I was hauntingly reminded of these words while watching Forty Winks, Kevin Elyot’s latest play that is now premiering at the Royal Court. The point about theatre, says Charlie, a budding 31-year-old fictional playwright in the play, is that “it can give you what you can’t actually have”; and Elyot, the playwright who created him, has obsessively re-written the same play again and again about seeking to reclaim those lost but defining moments in life that got away and can’t be had again, from My Night with Reg and Mouth to Mouth (also originally premiered at the Court) to The Day I Stood Still (seen at the National).

“If we could only step back….”, says Diana to Don, the boy she once loved at school, when they are reunited for the first time in 14 years in this play. She’s now married to Charlie’s older brother Howard, who was the school prefect who not only stole Don’s girlfriend but also shopped Don to the headmaster for stealing a book – another event that Don has brooded over and resented ever since. Charlie, meanwhile, has also always had an unrequited passion for Don that has stayed with him forever, too.

As these events are pored over in four short, intimate, compressed scenes that play out in just 70 lean minutes and across different time-frame jumps, Elyot has created an intricately patterned drama about the complexities of love and loss. It’s also possibly his most disturbing play yet for reasons it would be unfair to spoil the surprise of.

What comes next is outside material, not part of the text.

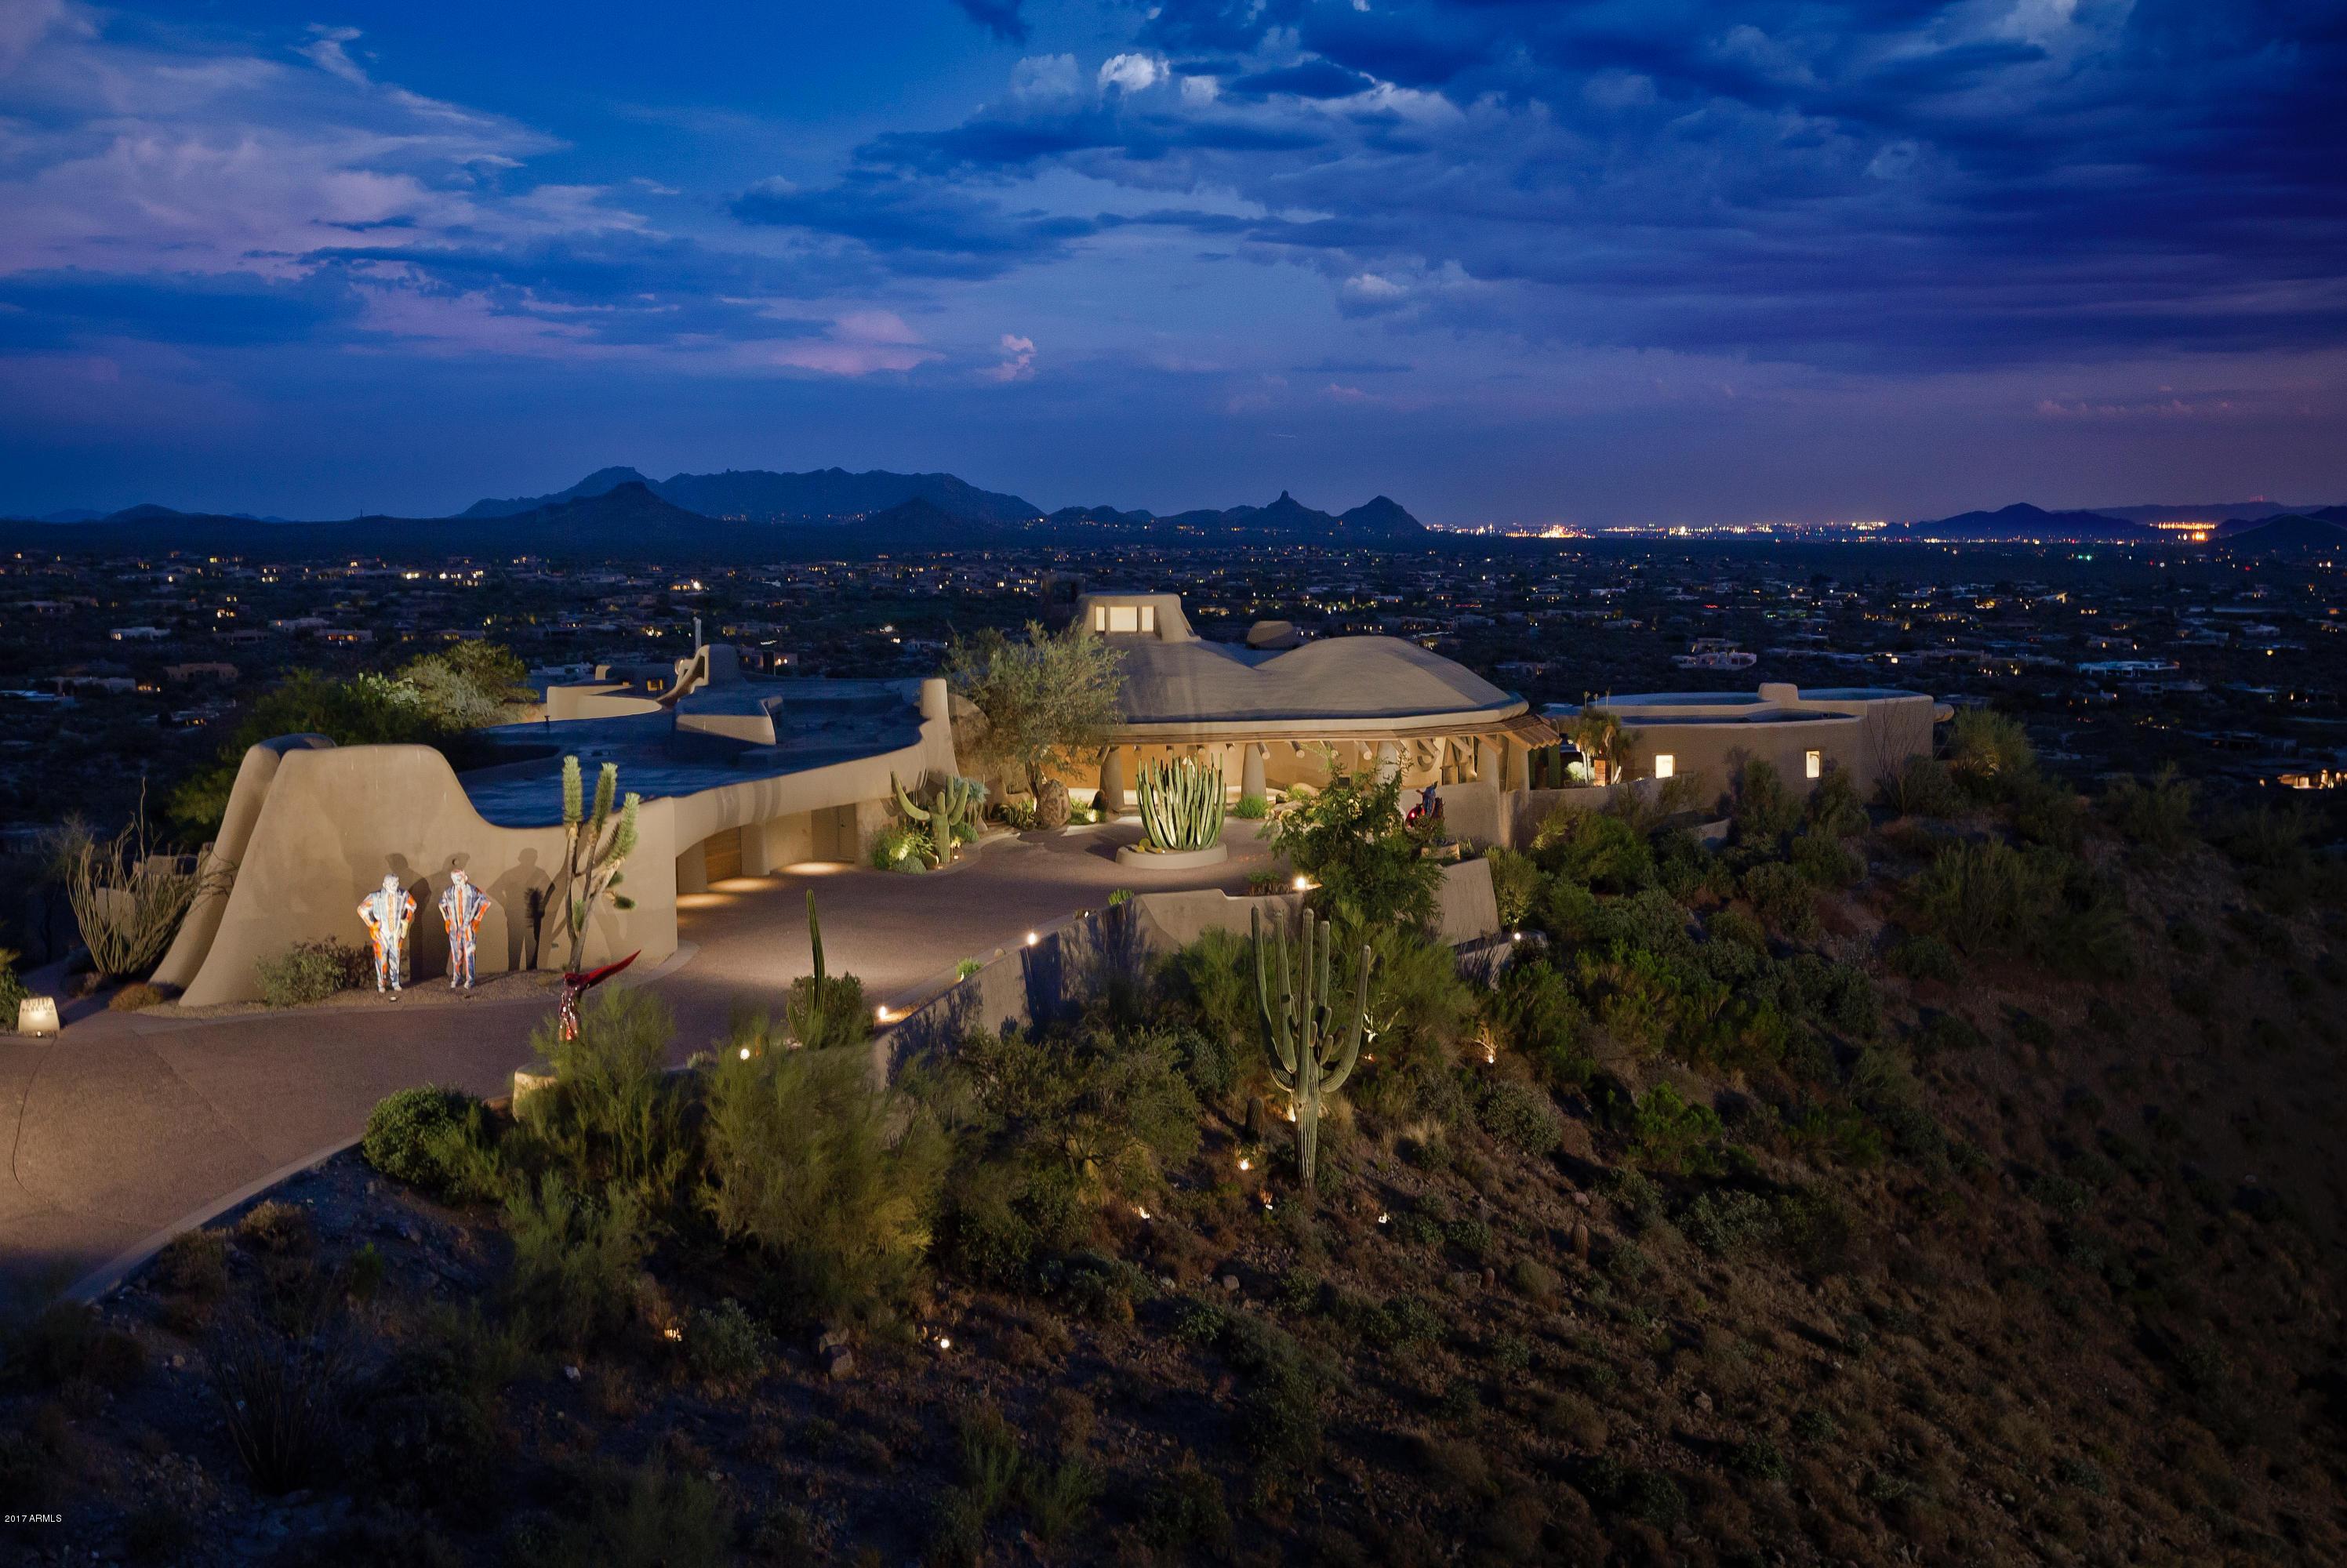 MLS 5560937 39029 N ALISTER MCKENZIE Drive, Scottsdale, AZ 85262 Scottsdale AZ Four Bedroom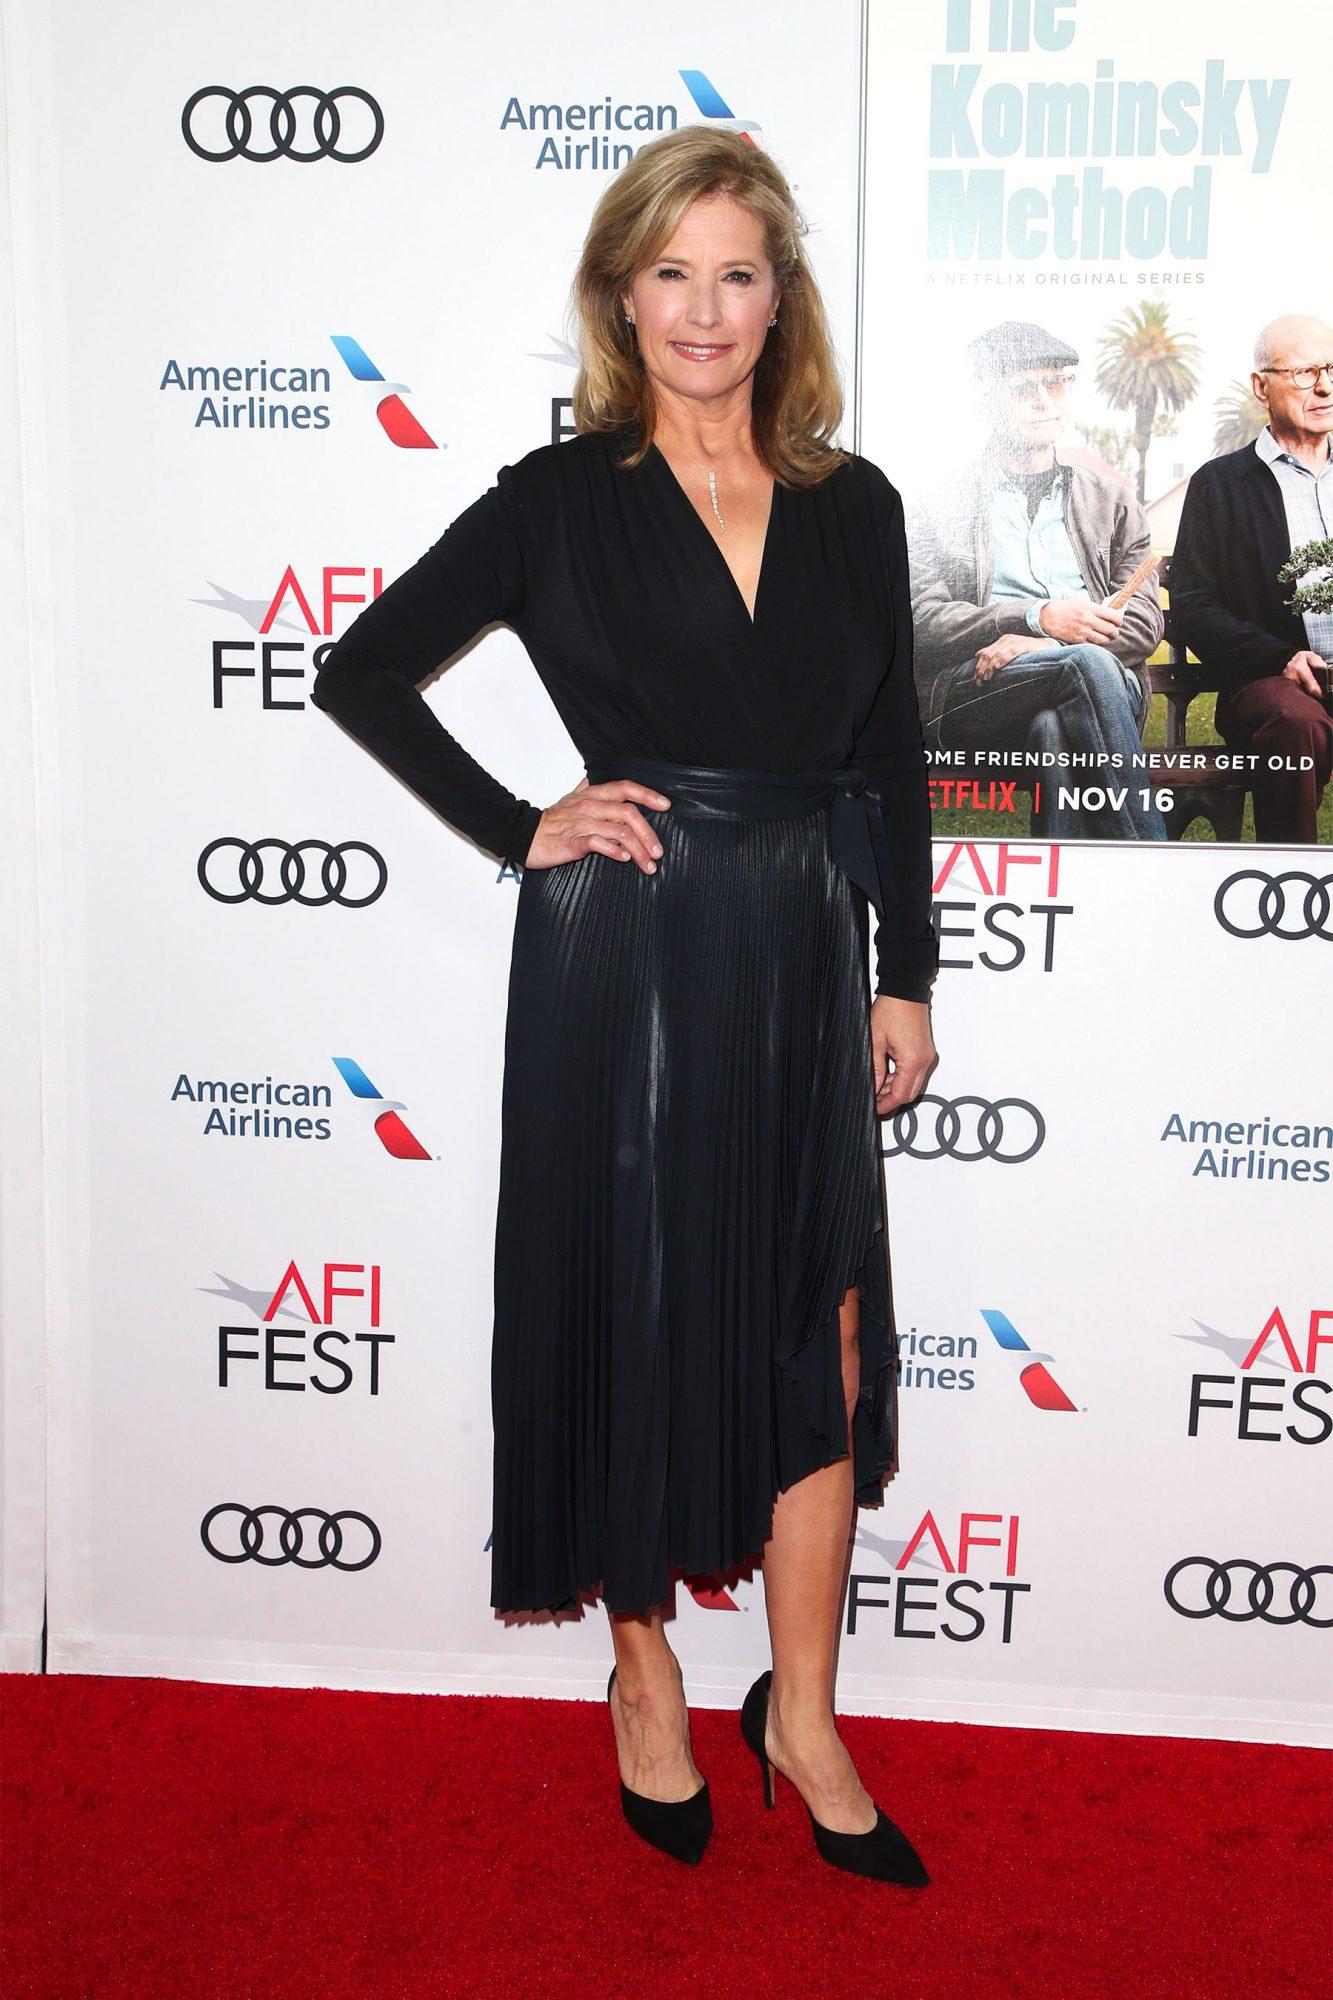 'The Kominsky Method' film screening, AFI Fest, Los Angeles, USA - 10 Nov 2018

Katie Mitchell’s deliberately spare but emotionally charged production plays it with a febrile, minutely calibrated tension that exerts a powerful hold throughout. It’s only a pity that Hildegard Bechtler’s impressive design requires lengthy scene changes that threaten to dissipate the tension between each scene. But it is blessed with an amazing ensemble of terrific actors, including Dominic Rowan as Don, Anastasia Hille as Diane, Simon Wilson as her husband Howard and Paul Ready as Howard’s brother Charlie.